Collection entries
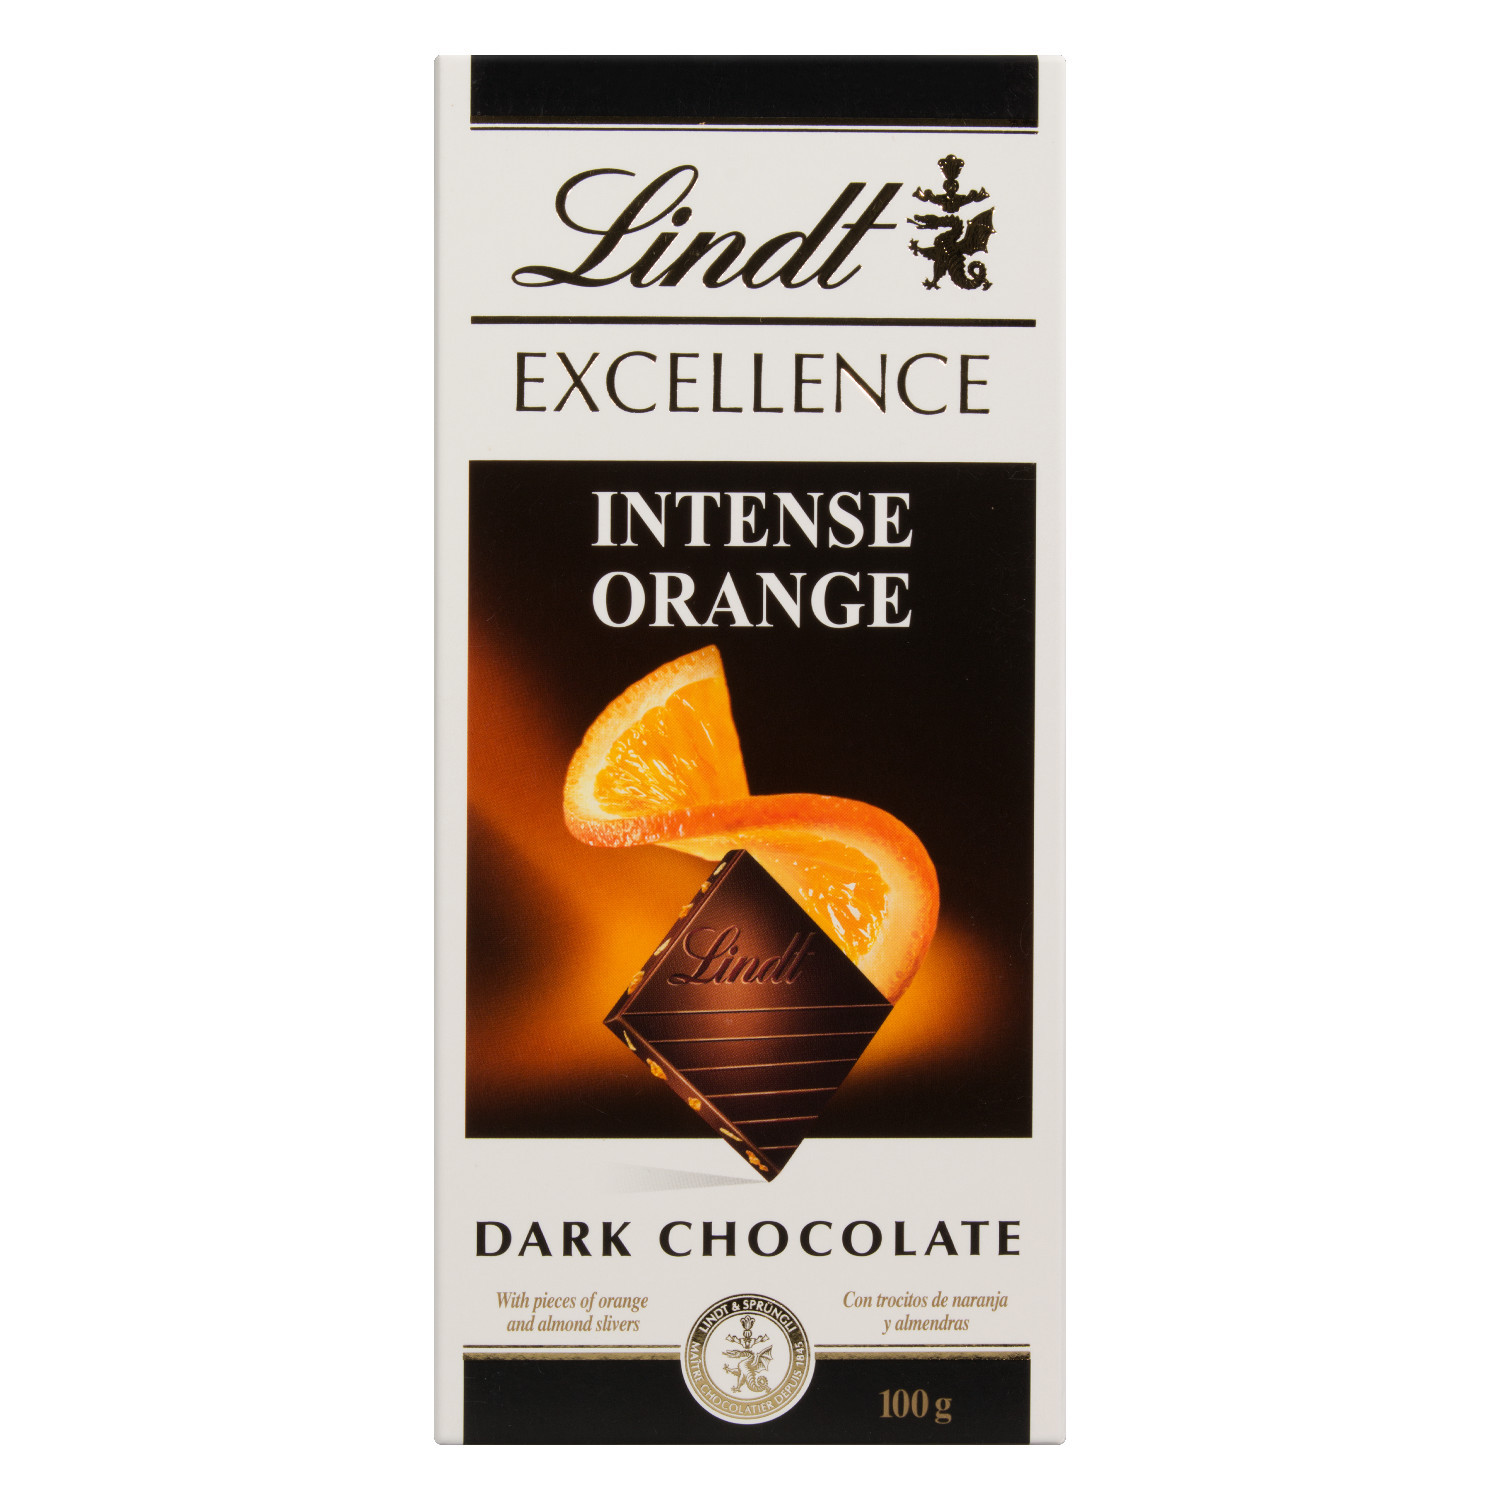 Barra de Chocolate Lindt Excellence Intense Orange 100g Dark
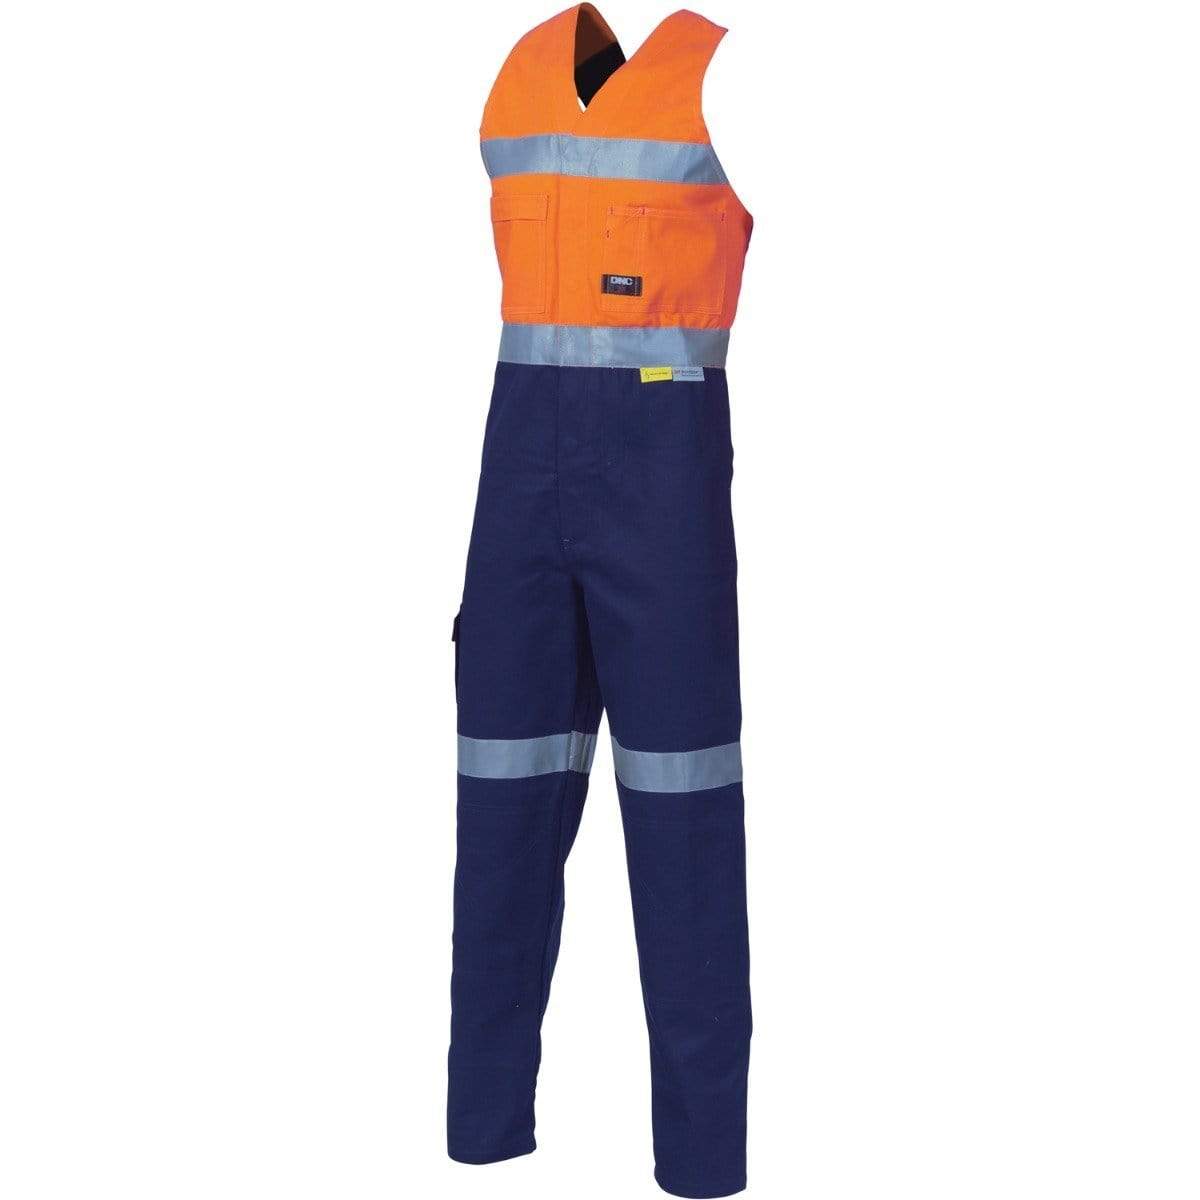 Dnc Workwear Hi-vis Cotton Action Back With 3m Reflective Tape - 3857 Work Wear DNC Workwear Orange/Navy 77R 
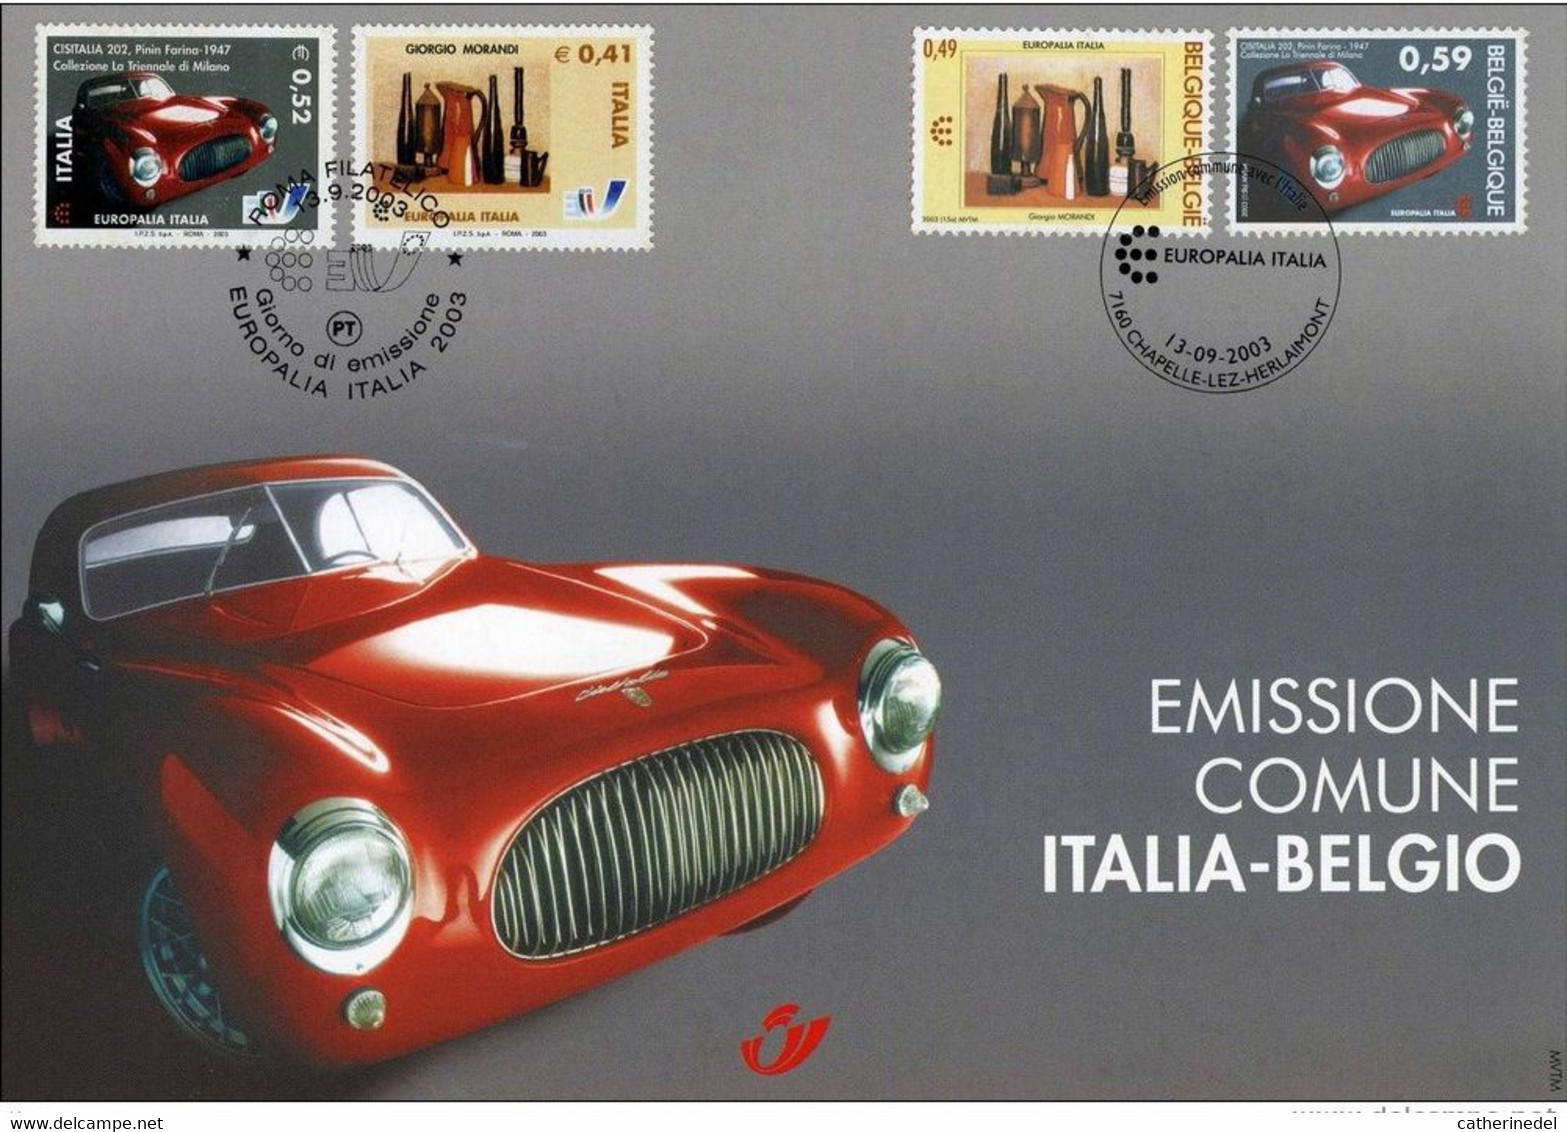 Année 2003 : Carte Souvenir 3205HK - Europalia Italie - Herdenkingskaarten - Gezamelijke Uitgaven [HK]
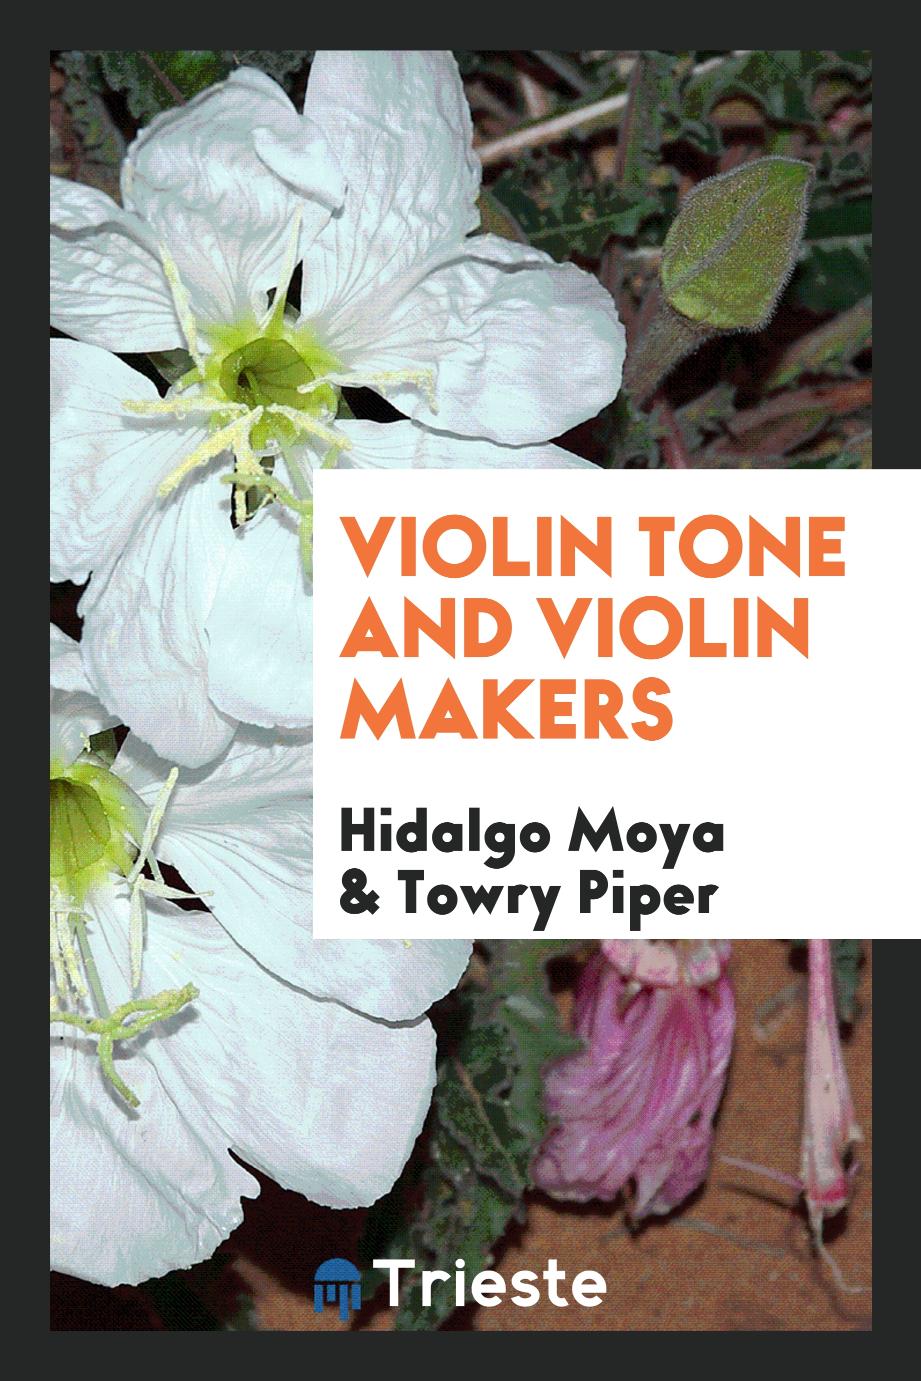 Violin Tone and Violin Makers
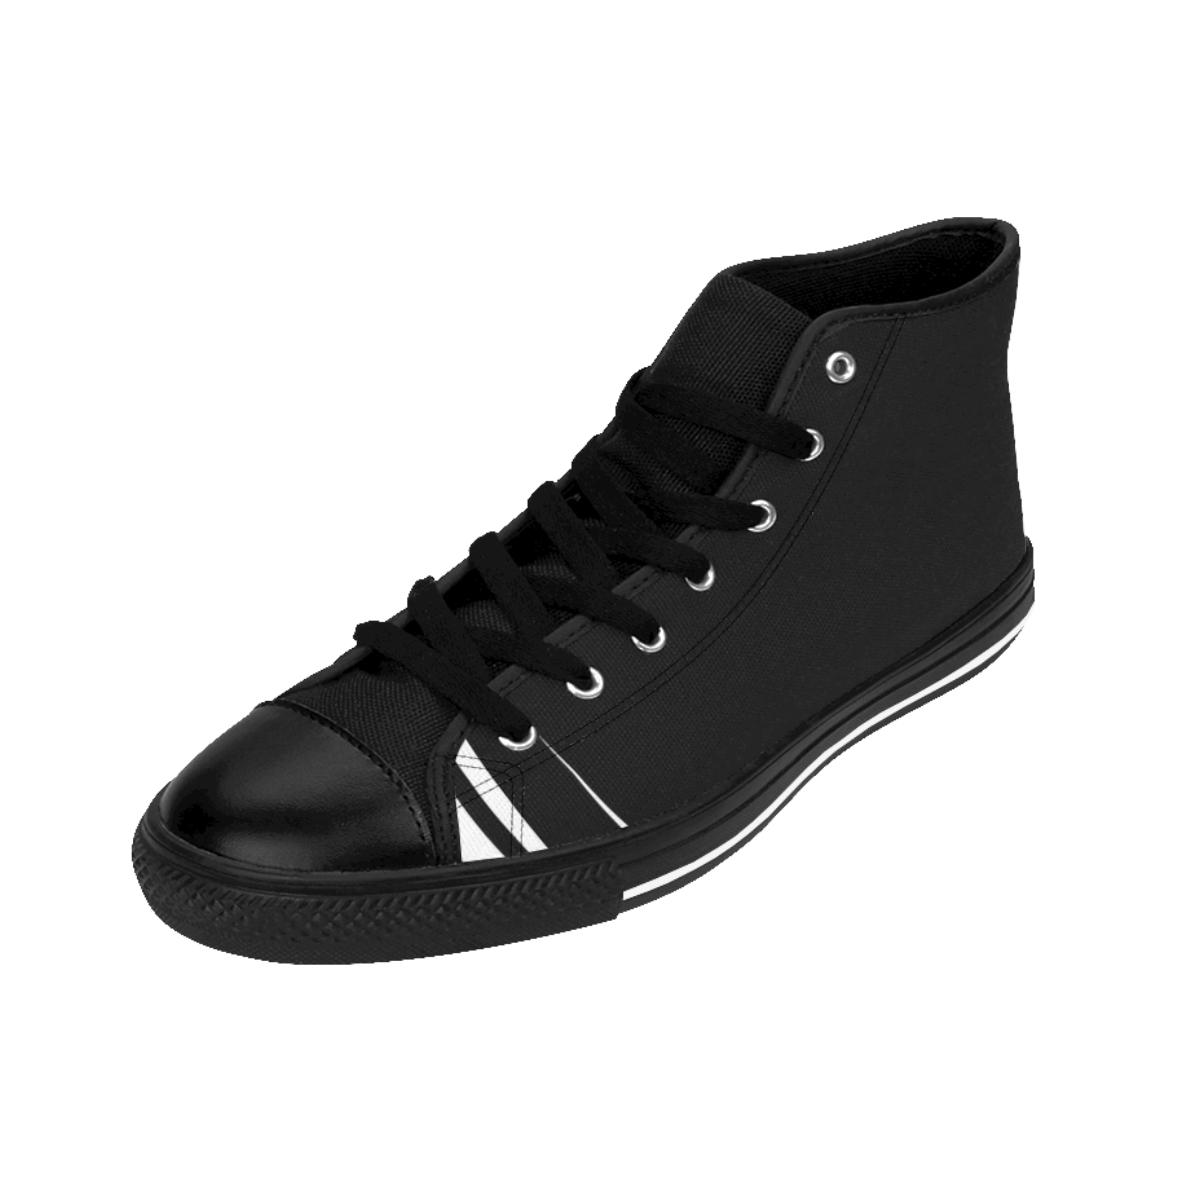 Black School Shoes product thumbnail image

## WHAT IS BEING ASKED
Starting with the line that contains "Violin Tone and Violin Makers", repeat each line exactly through the last line of the data above, and nothing more; the pictures stay out.

## ANSWER
 Violin Tone and Violin Makers
 Black School Shoes product thumbnail image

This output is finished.